### PROVIDED INFORMATION:
◆ ◆ ◆

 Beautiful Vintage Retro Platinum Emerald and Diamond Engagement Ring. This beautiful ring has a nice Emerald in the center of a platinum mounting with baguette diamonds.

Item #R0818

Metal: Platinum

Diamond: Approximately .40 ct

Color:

◆ ◆ ◆

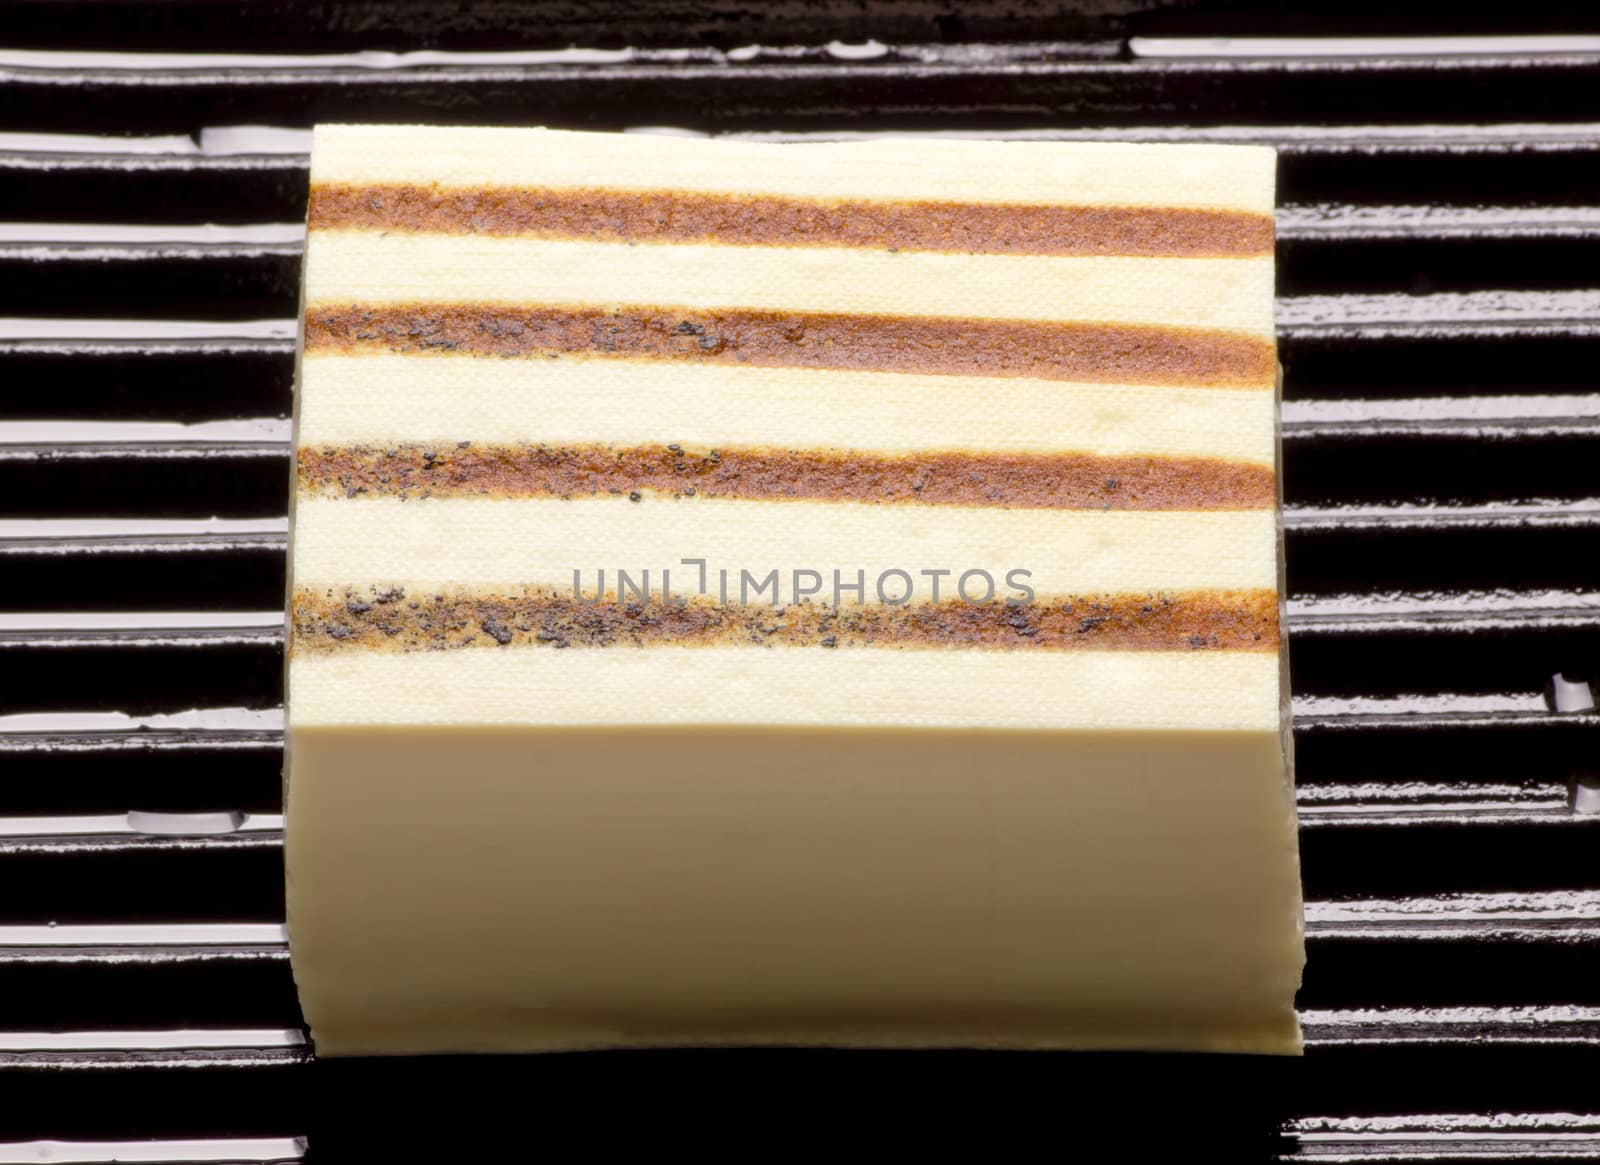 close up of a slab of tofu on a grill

◆ ◆ ◆

### TASK DESCRIPTION:
Looking at the entries above, copy out every line in which "Diamond" occurs.

### RESULT FOR THIS EXERCISE:
 Beautiful Vintage Retro Platinum Emerald and Diamond Engagement Ring. This beautiful ring has a nice Emerald in the center of a platinum mounting with baguette diamonds.
Diamond: Approximately .40 ct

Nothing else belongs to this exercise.